Futbol yobazlığının KKTC deki en acı göstergesi bahçelerini sulayacak su bulamayan köylülerin köylerine çim saha istemeleridir.
Futbol en nihayetinde bir oyun asıl dert dini bir durum zannedilen yobazlığın her dünya görüşünde her bakış açısında gemi azıya almış olmasıdır.
Gündelik hayatın da yobazlığı olur ve vardır.
Maaş yobazlığı KKTC’de en yaygın olarak görülen yobazlıktır, öyle ki iş arıyorum, iş istiyorum ya da bizim çocuk okulunu bitirdi ona bir iş diyen anne babaların da yobazca istedikleri şey iş değil maaştır aslında.
Yobazlığın en çarpıcı örneklerinden biri de ille de düşman arama ve ille de mutlaka düşmanı bulma yaratma yobazlığıdır.
Bunun bu gün için en çarpıcı örneği Hamas’tır.
Hamas’ı bir dini örgüt sansak da işin aslı Hamas’ın İsrail’i düşman olarak bilme görme ve öyle tanıma yobazlığıdır. Bu yobazlık o kadar devasa boyutlara varmıştır ki, adına ‘‘ eylem !! ’’ yaptıklarını iddia ettikleri Filistin davası ve Filistin halkı Hamas’ın umurunda bile değildir.
Yüzlerce İsrailliyi öldürdükleri ile böbürlenen Hamas’ın binlerce Filistinlinin ölmesi ve daha binlercesinin öleceği umurlarında bile değildir. Hatta Yaser Arafat’ın Filistin örgütü bu Hamas için İsrail kadar düşmandır.

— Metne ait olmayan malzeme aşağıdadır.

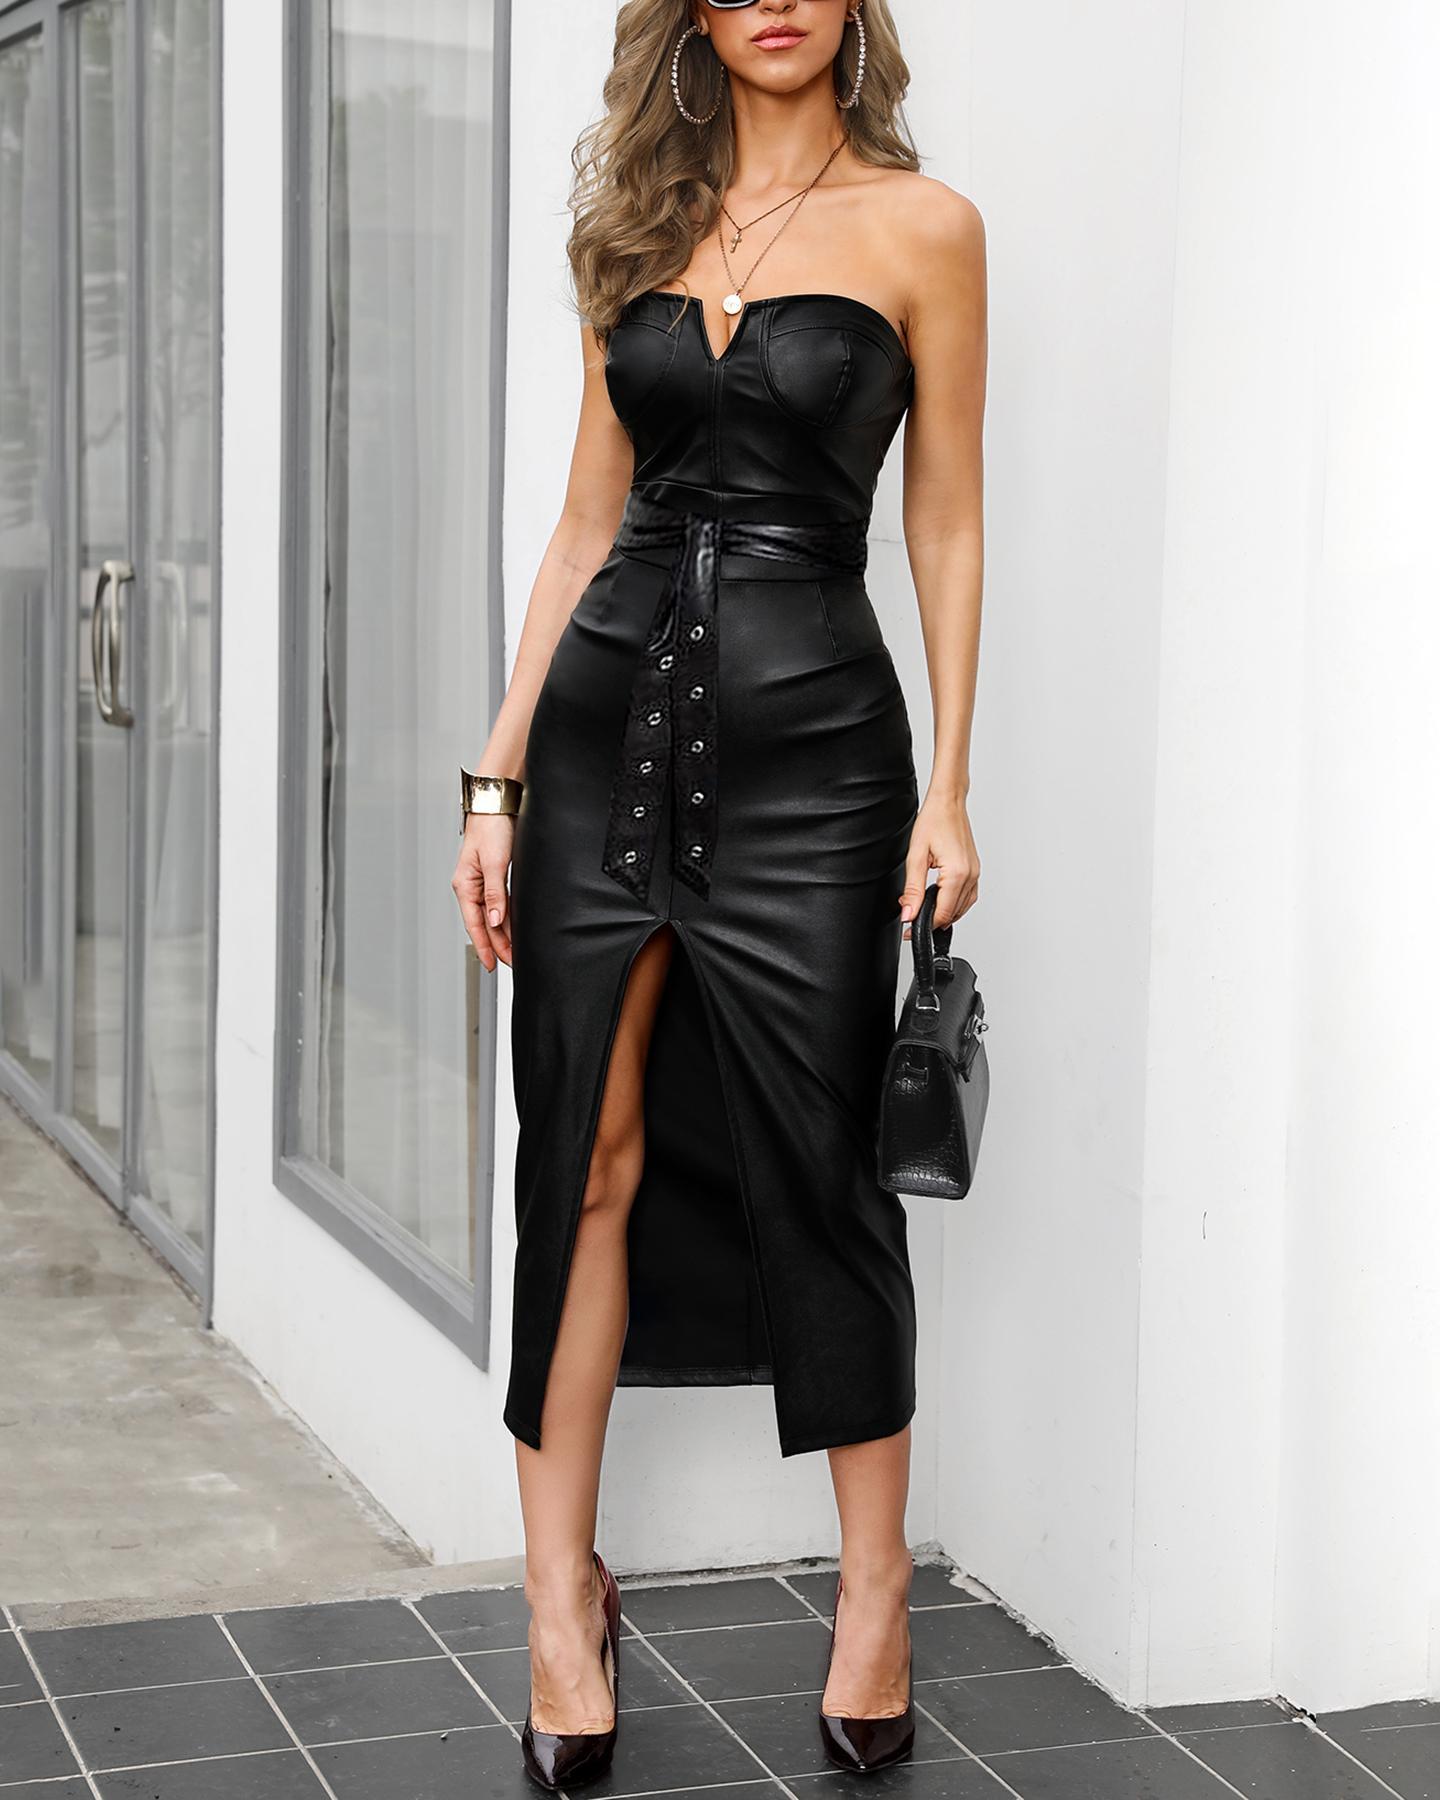 chicme / Solid Tube Slit Coated PU Leather Dress

Çok çeşitli yobazlıklardan birisi de güce tapınma yobazlığıdır bu da o kadar korkunç boyuttadır ki dünyanın en güçlü devleti olduğuna inanılan ABD’ye karşı çıkmaktan ödü kopar bu yolun yobazlarının.

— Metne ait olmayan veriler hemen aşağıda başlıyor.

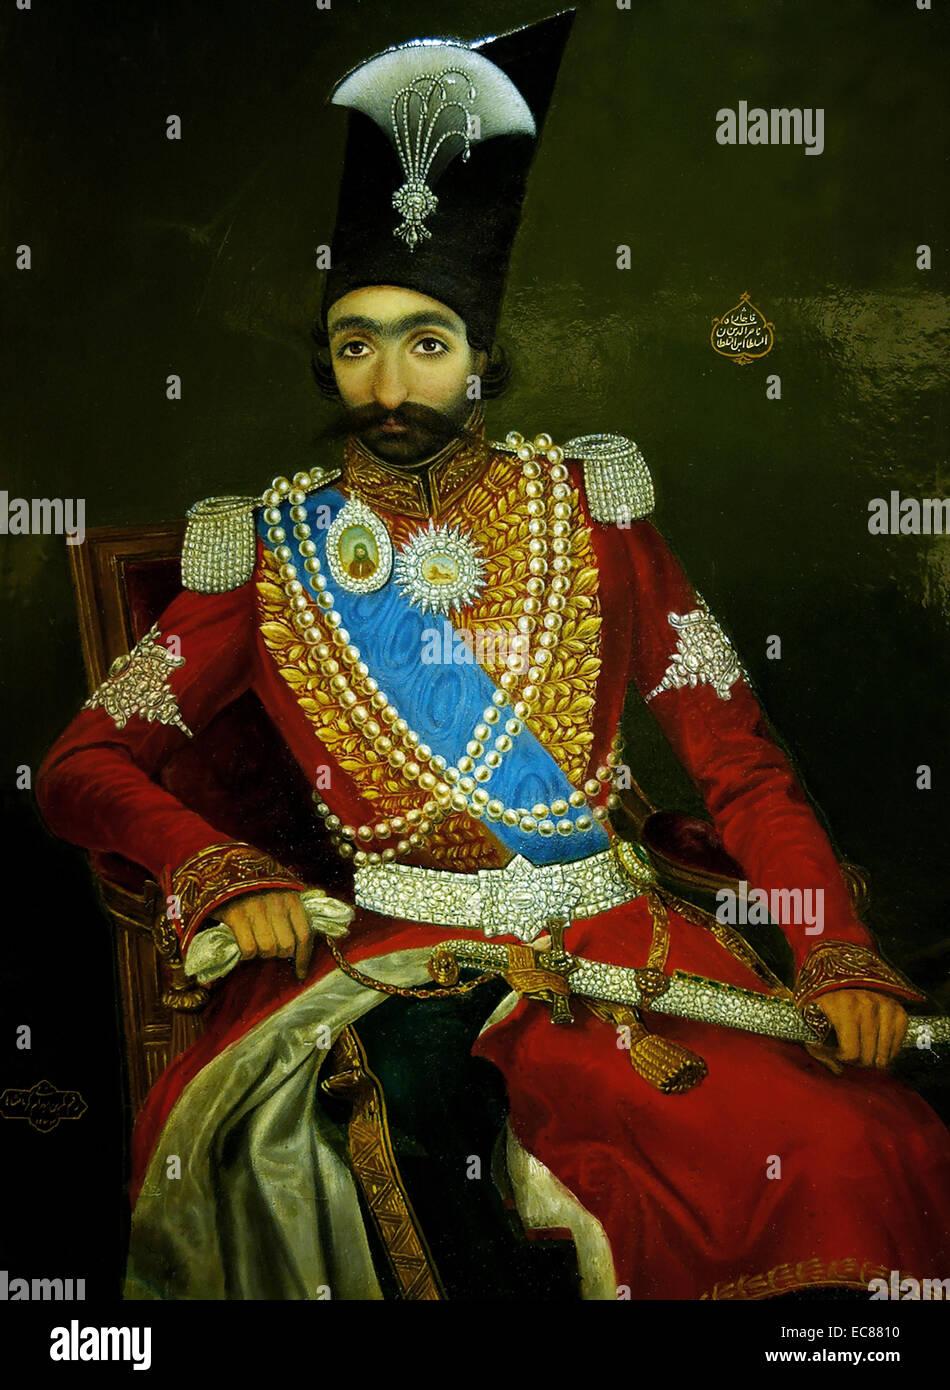 Portrait of Nasser al-Din Shah Qajar (1831-1896) King of Persia. Dated 1841 - Stock Image

Yobazlığın vitamini inanmaktır ( buradaki inanmak tanrıya inanmaktan bile beter yobazlıklara yol açan izmler / partiler / dünya görüşü !! hatta doğru dünya görüşü adı ile anılan yobazlıklardır )
Dindarın Allah’a / Tanrı’ya inanması, çoğu zaman izmlere inanların inanmışlıkları yanında daha az tehlikeli kalır.
İzmlere için asıl olanın inanmak değil bilmek olduğunu anlayamaz yobazlar bu öyle komik sonuçlara da varabilir ki sosyalizmde trafik kazası ve orman yangını sel baskını olmaz olmayacaktır iddiasına kadar varılabilir.
Bizim KKTC de inanmanın, yobazca inanmanın en önde gelen örneği partisine inanmasıdır partililerin ve alkışçıların.
Sonuç mu her seçimde döne döne aynı partilere adayları kim olursa olsun programları olsa da olmasa da şaşmaz bir şekilde oy vermek ve nerden nasıl geleceğini bilmedikleri güzel günlere inanmaktır.
Güzel günler inanmakla değil bilmekle ve yapmakla olur.